Jimmy Breslin, the New York City author and columnist died a couple of years ago at the age of 88. He wrote more than twenty books including a biography of a fellow New York author and columnist, Damon Runyon. It’s an entertaining read. Breslin wrote, “Damon Runyon invented the Broadway of Guys and Dolls and the Roaring Twenties, neither of which existed, but whose names and phrases became part of theater history and the American language.” Twenty-six of his short stories became movies.

Something Breslin wrote about the way Runyon’s world was created before he got to New York when real estate lawyer Henry Morgenthau instituted the development that became the Broadway-42nd Street area. Something Breslin wrote about the process caught our eye.

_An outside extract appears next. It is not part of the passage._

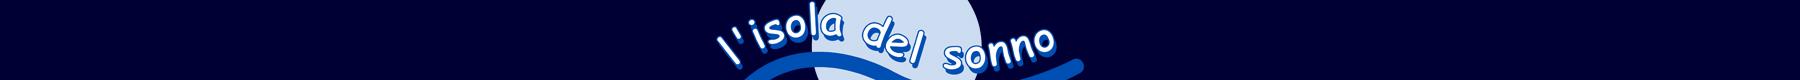 Header-isola-del-sonno-logo
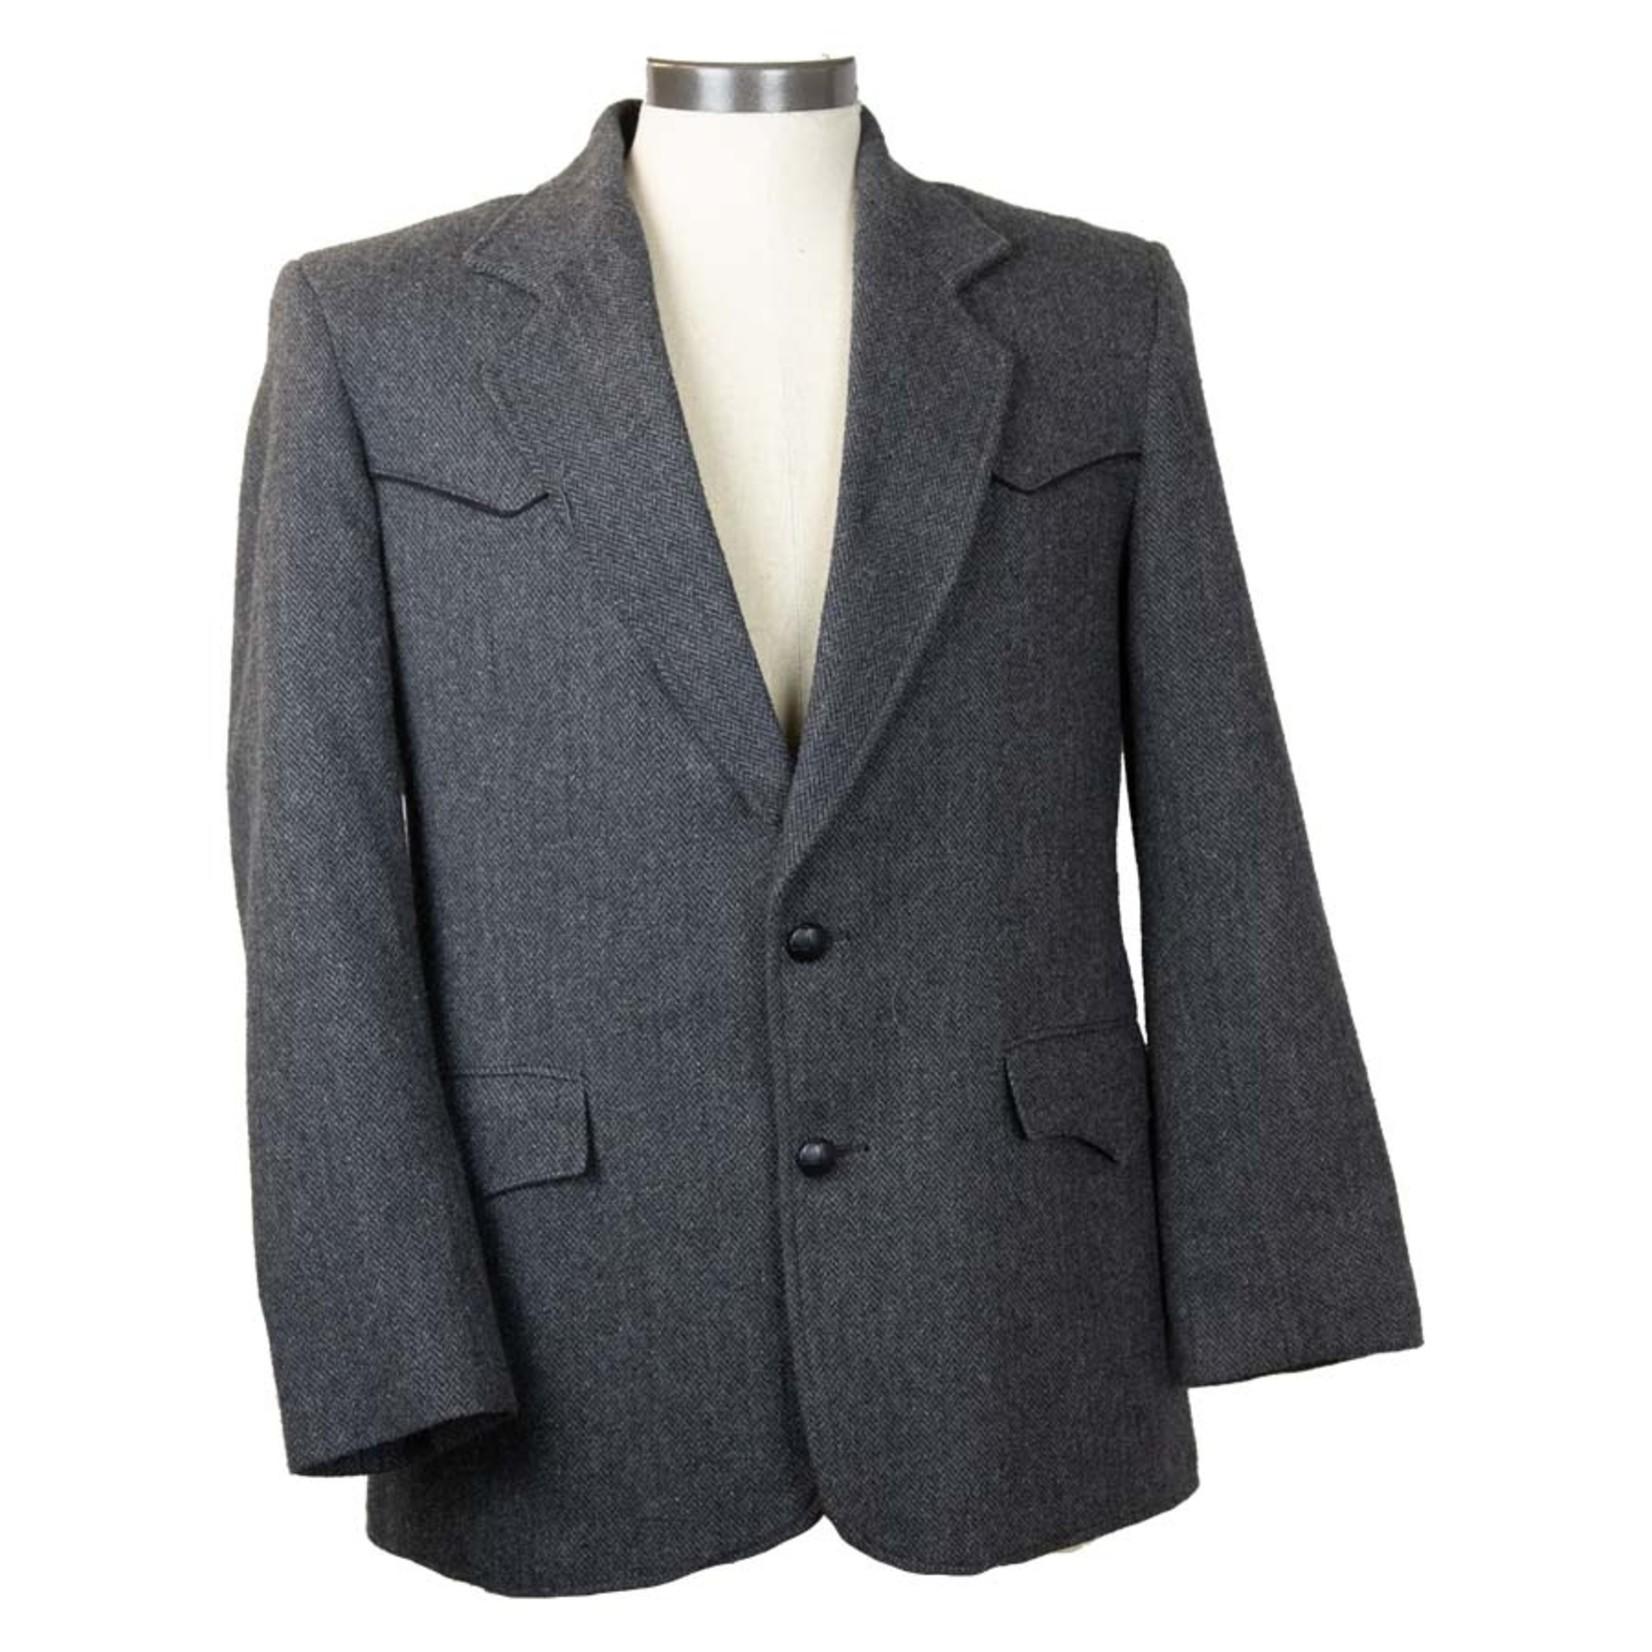 Pioneer Suits Polyester Wool Blend Vintage Suit Jacket - Size 40 - #17

Whenever successful politicians and businessmen are together, it is a moment of hope being reawakened. The politician, who is impoverished by comparison to the man he stands alongside, always is at once frightened and enticed by the thought of entering the business world and earning a fortune. The merchant with his money in his pocket is in awe of a person who can stand before grubby crowds and earn their cheers. Each in the other’s presence secretly wishes he had the other’s role, and off by themselves they are insanely jealous of each other. Yet merchants and politicians seem extraordinarily friendly with one another, and form a closed society to which strangers never are admitted readily, unless the stranger has wondrous amounts of money, at which point he rapidly ceases to be a stranger. The money is often never brought into use, but the stranger must own much of it. How can you yearn to be the other guy if he doesn’t have any money? The merchant by using courtesy to the point of groveling, so flatters the politician that the impossible occurs and the politician become momentarily secure, and immediately feels a need to make the merchant richer. While it is understood that the politician takes money out of this, nobody realizes the miserable amounts of money they often accept. No amount is too small for a politician to grab, nor for a rich man to offer. As nearly all great fortunes in America are made on land stolen while the public’s back is turned—and by people who want money but don’t want to work for it, by men who use the title of builder and yet never have driven a mail into a board—nowhere was the relationship between politician and merchant closer than at the time the subways of New York were built.

If you are interested in Breslin’s take on New York subway construction, go find a copy of his book about Runyon. Otherwise, we hope you just enjoy—as we did—Breslin’s essay on business and politics, offered here without comment except that we thought it was a fun paragraph to read in a book we’re really enjoying.

Breslin and Runyon make quite a combination.